Cursive Evokes A Beauty From Fury Through “Vitriola” In Los Angeles Tim Kasher and Company Rock The Regent
LOS ANGELES, CA- On a cold night in January, Cursive brought the heat to Los Angeles. Cursive formed in 1995, but it wasn’t until 2003 that they became a mainstream act with the release of their 4th album Ugly Organ. I have been a fan of the band since the early years, particularly when they brought aboard Gretta Cohn as their cellist because it added an extra layer of the dramatic to their overall sound.
Late last year, Cursive released their 8th studio album, Vitriola. Like their 7 prior albums, Vitriola is a symphony of both tempered and restless angst emphasized by the heavy dynamics and pulsing rhythm section. As is trademark Kasher, his lyrics and vocals bring you into his world of raw and relentless emotions.

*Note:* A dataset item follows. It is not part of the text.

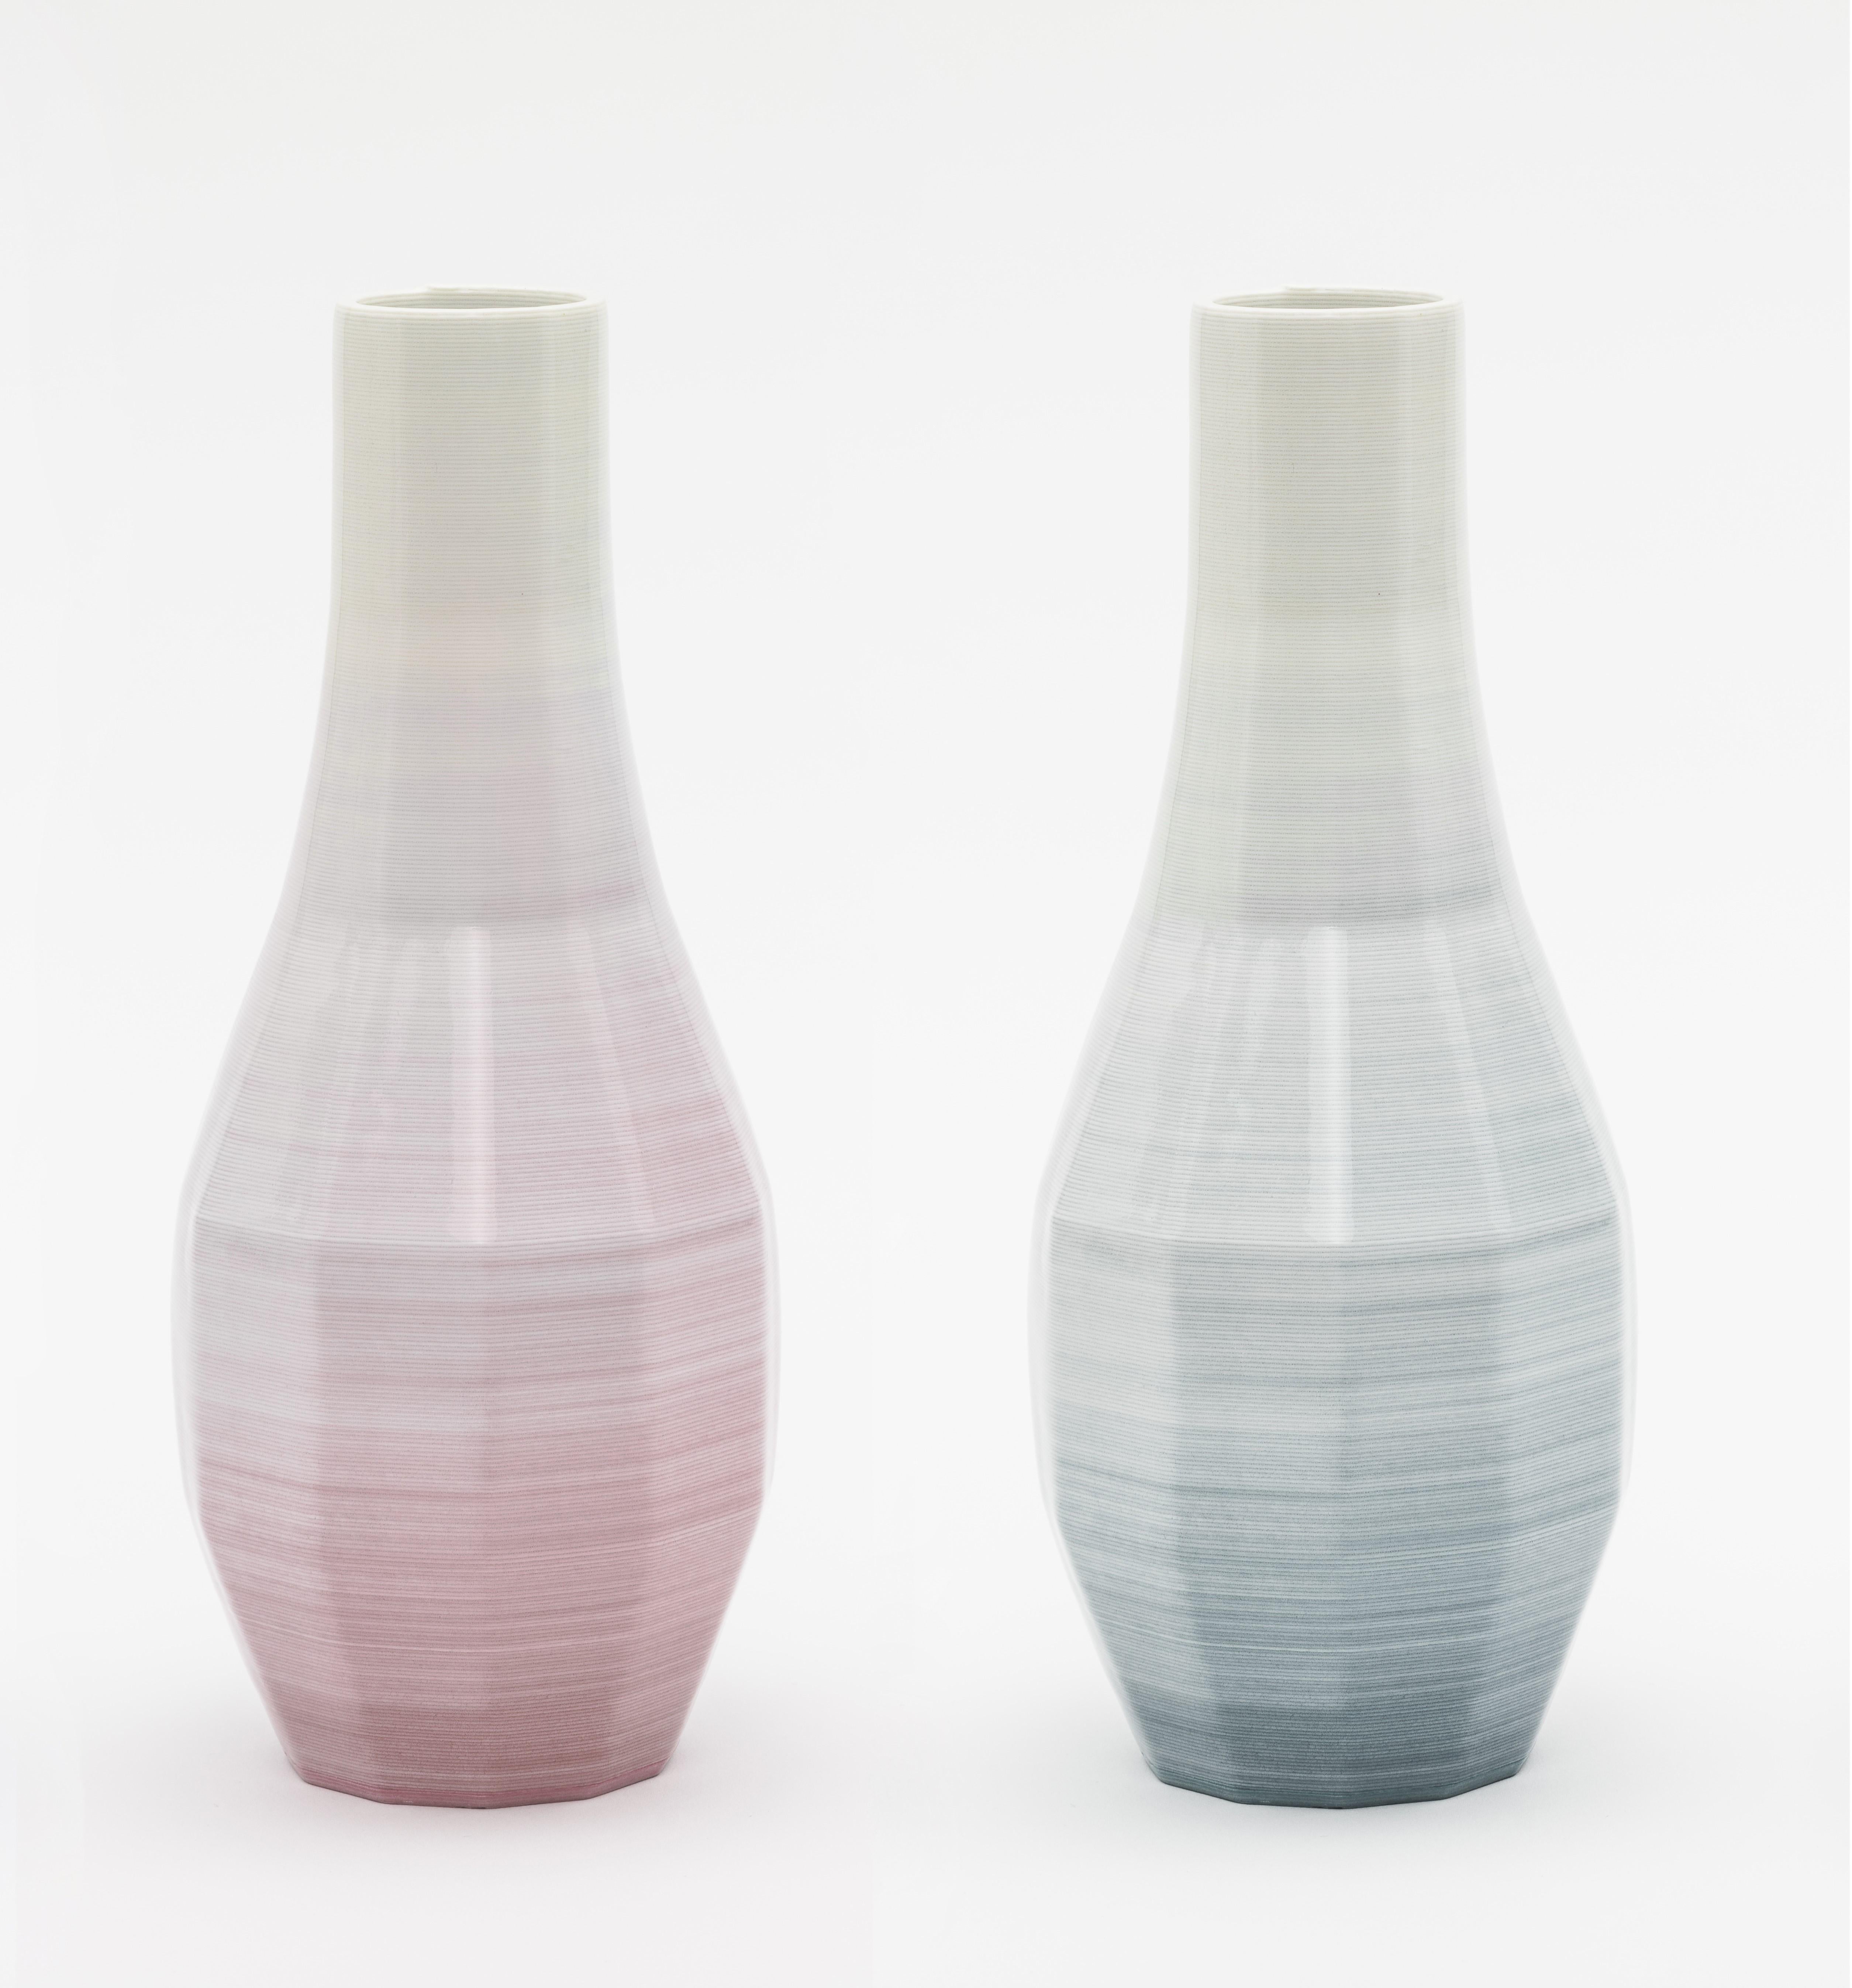 Austrian Set of 3 Small Porcelain Gradient Vase by Philipp Aduatz

The audience, most of whom were draped in black attire, filled the Regent slowly and somberly due to the unusually cold LA climate, but the excitement began to mount as the die-hard fans eagerly waited for the funeral party to start. There is something of a cult following when it comes to Cursive that only their fans understand. Being an emotional and angst filled teen, I sought singer songwriters like Kurt Cobain, Elliott Smith, Bright Eyes and Tim Kasher to put words to the feelings I had developed but understood so little about. As I grew into my 20s, Tim Kasher’s songs became the soundtrack to my life because I could relate so strongly to what the poet preached in his albums.
The stage, dressed in blue and purple lights, was ominous and fitting for Tim’s dark tone and lyrics. The all too familiar droning of the cello gave us fans that heart-clenching Cursive experience that we’ve flooded ourselves with over the years. They played songs from every one of their 8 albums, I for one was one of the many belting my guts out to every word of each song, I guess you could say all of us in the front row were part of the Anti-Social Social Club.
The crowd went insane when he played “The Recluse” from The Ugly Organ; even if you aren’t too familiar with the band, chances are you’ve heard that song and have felt the melancholic high that comes from Cursive when they are at their best. Hearing songs like “The Martyr”, “Gentleman Caller”, and “Sink to the Beat” live was electrifying for everyone in the room.
The sea of fans bounced violently to “Art is Hard” as if Kashers voice was a thunderous cloud disrupting the calm sea with a storm of emotion. The anthem of “Staying Alive” brought the rain, leaving some in the crowd with tears, myself included as the band pulled on my nostalgic heart strings. As if that wasn’t enough, they came back for the encore to play “Dorothy at Forty” and “From the Hips” which are fan favorites. These were the perfect songs for us in the audience to scream along to before they said goodnight. It’s strange how songs so sad could make everyone so happy, it’s as though everyone exorcised their personal demons with Tim Kashers sermon.
Nobody left the theater that night unhappy or let down. Cursive gave us everything we wanted and reminded us why this band has been so important to us for so many years. My own personal battle with dramatic love affairs and addiction has led me to feel as though Kashers diary of tribulations coincides with that of my own. Few bands give you the pained comfort Cursive does, pain you want to bathe in. It was a privilege to finally see them live.